The Norwegian Competition Authority has today warned St1 Norge AS in a statement of objections that it considers imposing a fine of NOK 15 million on the company for breach of disclosure requirements when it took control over a petrol station belonging to a competing chain.
In July 2018, St1 Norway signed an agreement to lease the Best Kyrksæterøra petrol station in Heim municipality in Mid-Norway. The deadline for informing the Competition Authority about the transaction expired three working days after the final agreement was concluded. St1 Norway informed the Authority of the agreement on 14 January 2019. The Competition Authority’s preliminary assessment is that St1 Norway has not complied with its disclosure obligations in connection with the conclusion of this agreement.
An important tool in the fuel market
The Norwegian Competition Authority has imposed disclosure requirements on the largest motor fuel retailers obliging them to inform the Authority about transactions whereby they take control over competing petrol stations. Such disclosure requirements, which apply to transactions that are not subject to mandatory notification under the Competition Act, have been imposed on St1 since 2017.

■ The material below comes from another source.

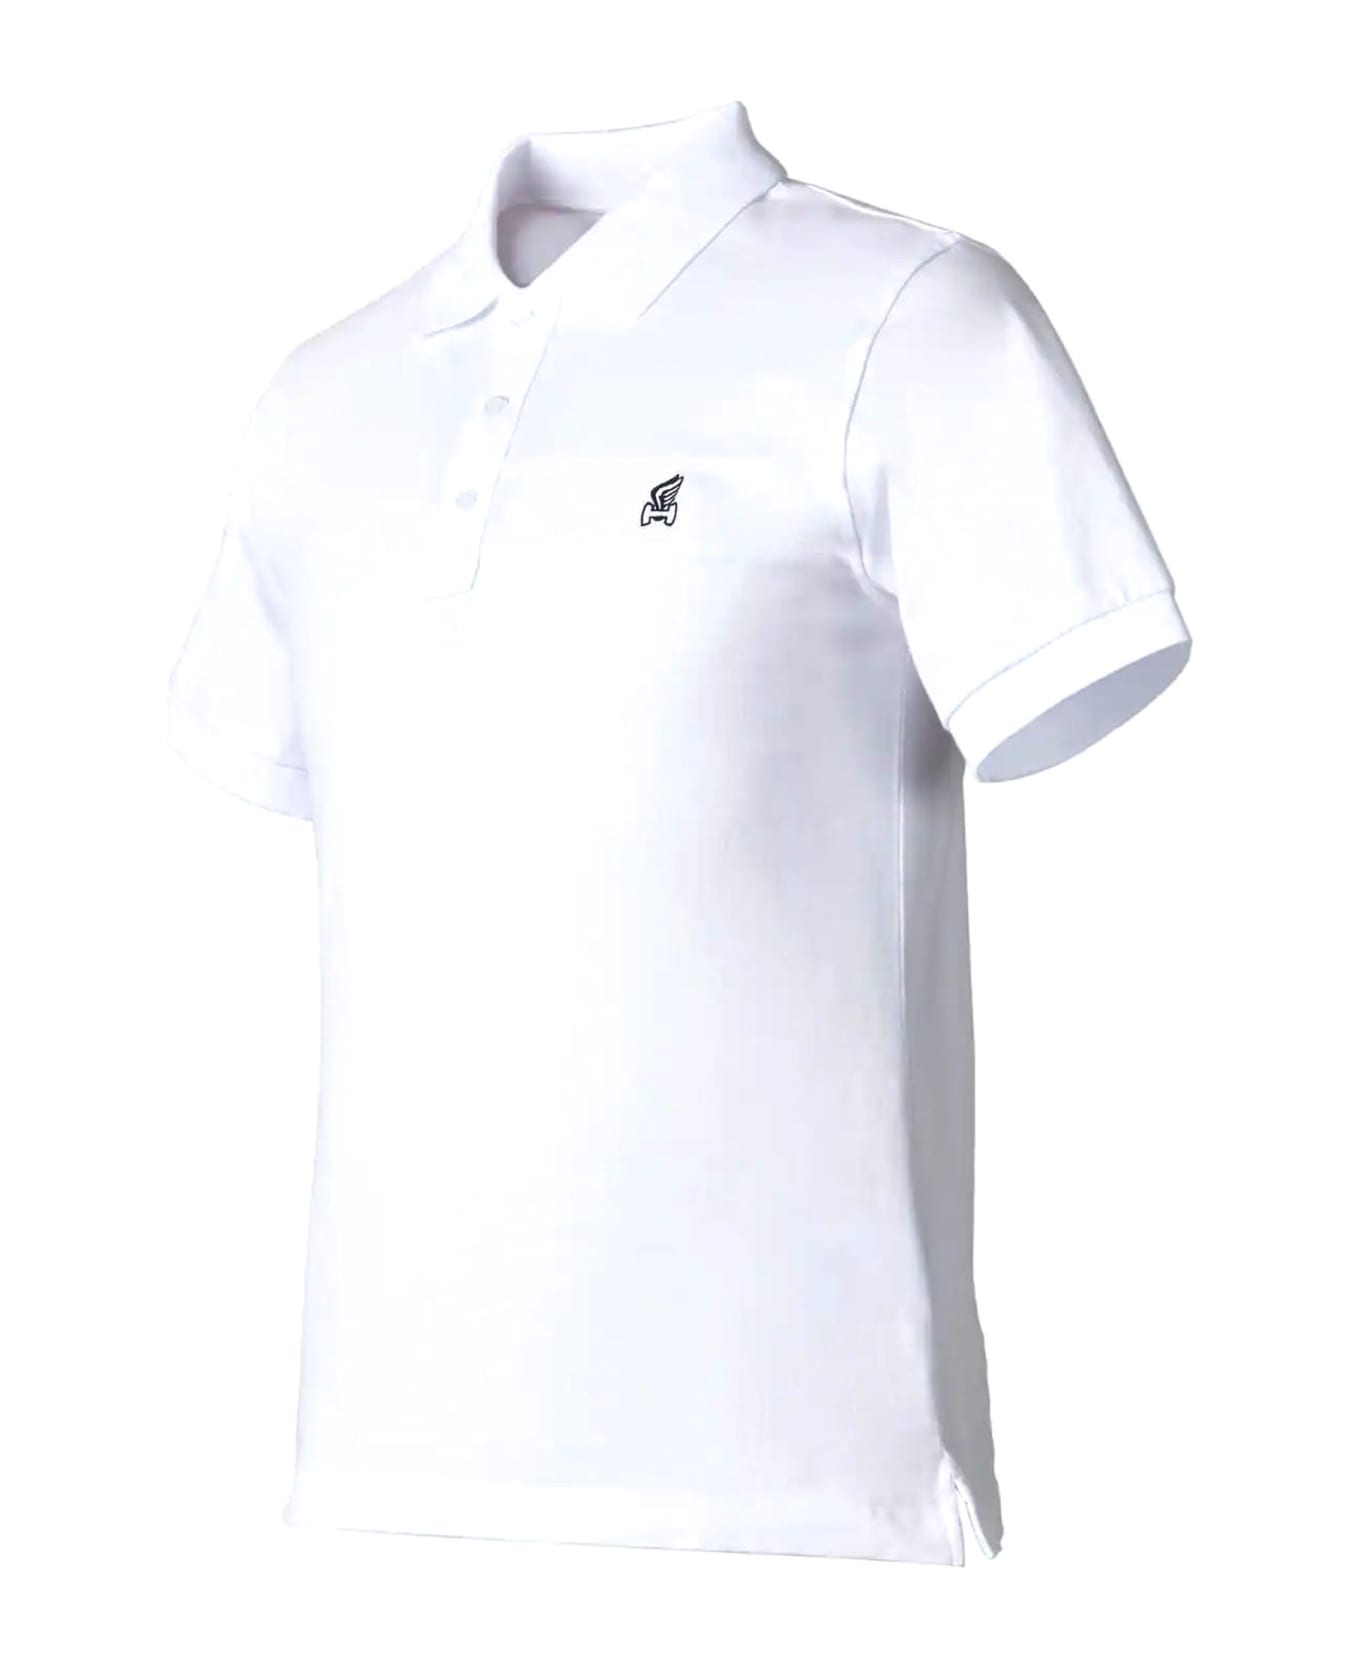 Hogan White Cotton Polo Shirt - Bianco ポロシャツ
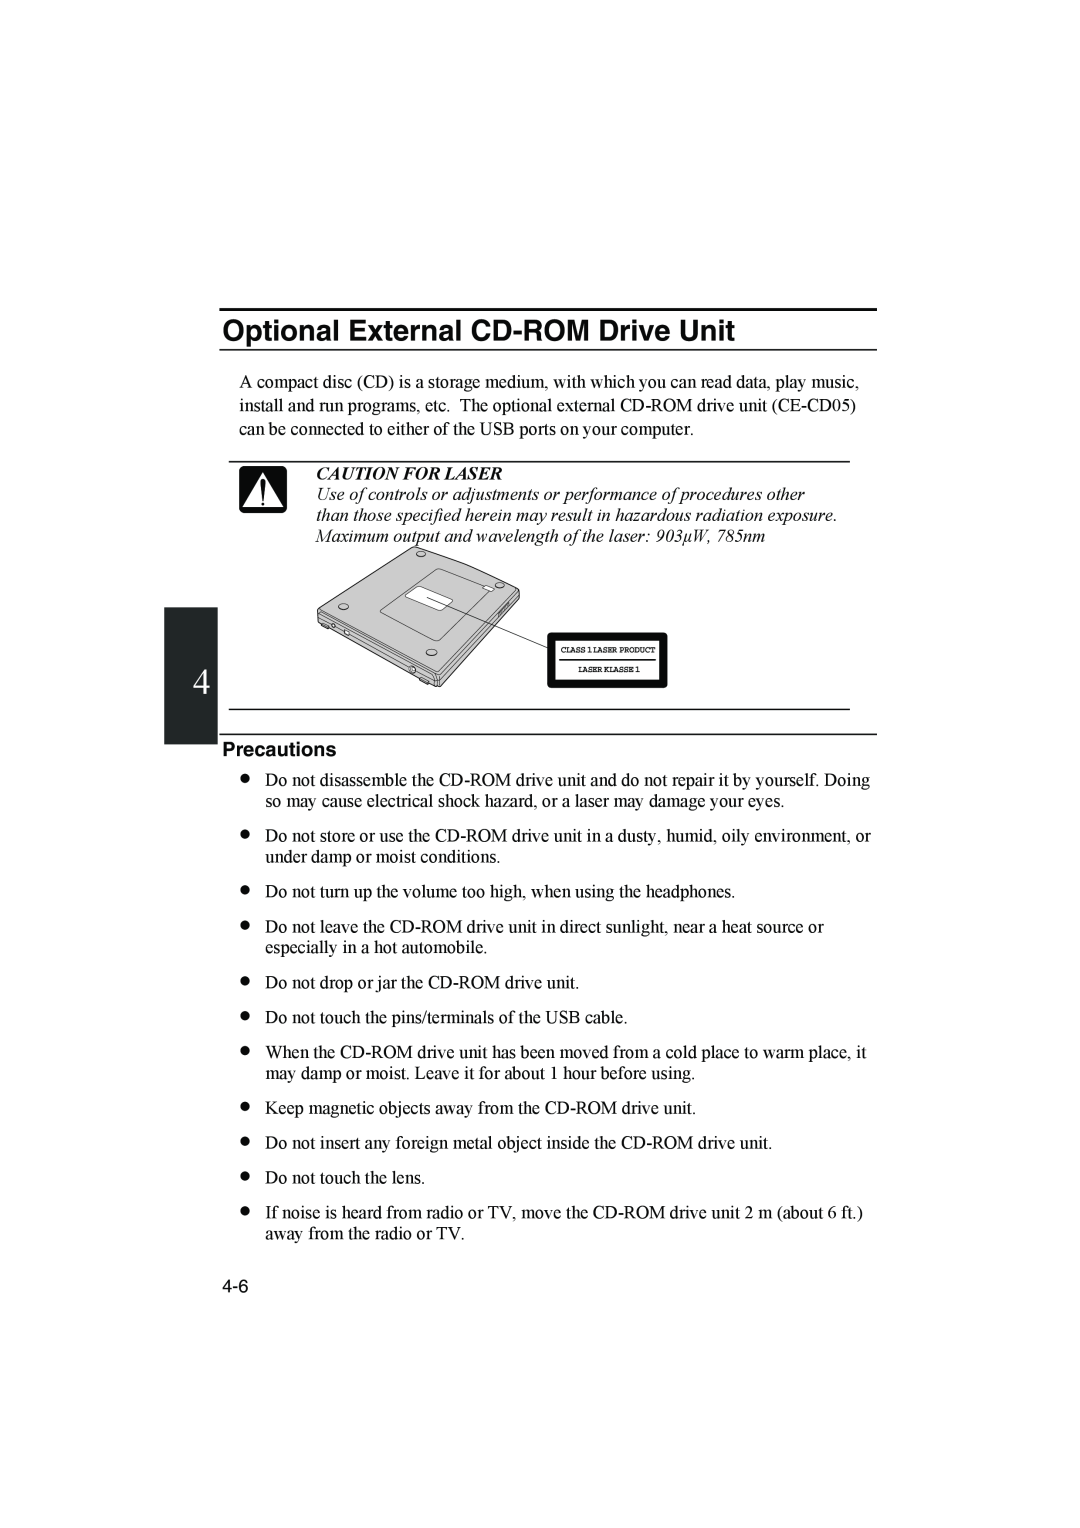 Sharp PC-MM1 manual Optional External CD-ROM Drive Unit, Precautions, Caution For Laser

– Motor fuel retailing markets in Norway are very concentrated. Acquisitions of individual petrol stations by the large retail chains may increase market concentration in local markets. This may harm competition and lead to higher prices for consumers. The disclosure requirements are an important part of the Authority’s monitoring of the structure and the degree of concentration in the motor fuel retailing markets. If disclosure requirements are not complied with, it becomes more difficult for the Authority to monitor competition in an efficient manner in this sector, says Director General Lars Sørgard.
St1 did not provide information within the deadline
– St1 did not inform the Competition Authority about the transaction within the deadline set by the Authority, which expired three working days after the conclusion of the final agreement. Our preliminary assessment is therefore that St1 has violated the applicable disclosure requirement. Due to the lack of information, the Authority was not given the opportunity to review this transaction. In order for the fine to have sufficient deterrent effect, and thereby to contribute to an effective control of structural changes in the motor fuel retailing sector, the fine the Authority considers imposing is significant, says Director Hanne Dahl Amundsen.
This is the second case in a relatively short period of time in which the Competition Authority considers imposing a fine for a company’s breach of disclosure obligations.
– The Authority takes this type of violations seriously, in particular in those cases where the Authority, due to the lack of information, is not given the opportunity to order notification of the transaction in question. We will therefore continue monitoring closely that those who are obliged to disclose mergers and acquisitions to us, comply with the set deadlines, says Sørgard.
The Norwegian Competition Authority wishes to make clear that the findings in a statement of objections are preliminary, and that a final decision has not yet been adopted in this case.
– A statement of objections has now been presented to St1 who will have the opportunity to submit its comments to the Authority’s objections before any decision is made, says Amundsen.
ST1 has been invited to submit its comments on the statement of objections by 12 August 2020.
Disclosure requirements for mergers and acquisitions in specific markets
– The Authority may impose disclosure requirements on individual firms with regard to mergers, acquisitions and agreements by which they acquire control of other companies in specific markets where competition is weak and/or markets concentrated.
– Section 24 of the Competition Act is the legal basis for issuing disclosure requirements.
– Disclosure requirements ensure that the Competition Authority is made aware of acquisitions and such by the operators concerned, even if the regular notification thresholds are not met. Such information will enable the Authority to assess whether it is appropriate to require notification of these transactions.
– Disclosure requirements are useful because, in some markets, also acquisitions of smaller businesses may affect competition negatively and lead to higher prices and lower quality for consumers.
The Authority has imposed disclosure requirements in markets where the degree of local competition is of particular importance.
– Currently, the following market players are required to inform the Authority about mergers and acquisitions:
• Motor fuel retailing: Uno-X Energi AS, St1 Norge AS, Certas Energy Norway AS and Circle K Norge AS
• Electricity generation: Statkraft AS, BKK AS, Skagerak Energi AS and Agder Energi AS
• Waste management and recycling: Norsk Gjenvinning Norge AS
• Grocery store chains: Norgesgruppen ASA, Coop Norge SA, Rema 1000 and Bunnpris IK Lykke AS
• Locksmith services: AssaAbloy Norge AS
• Newspapers: Amedia AS, Polaris Media ASA and Schibsted ASA
• Broadband services: Telenor ASA
• Home security systems: Verisure AS and Sector Alarm Group AS
• Laundry services: Nor Tekstil AS
• Garden centres: Plantasjen Norge ASA
• Suppliers of concrete: Nordic Concrete Group AS, Heidelberg Cement Norway AS and Unicon AS
• Accounting systems: Visma AS
The Norwegian Competition Authority is continuously assessing whether there is a need to introduce disclosure requirements for additional market players and in other markets.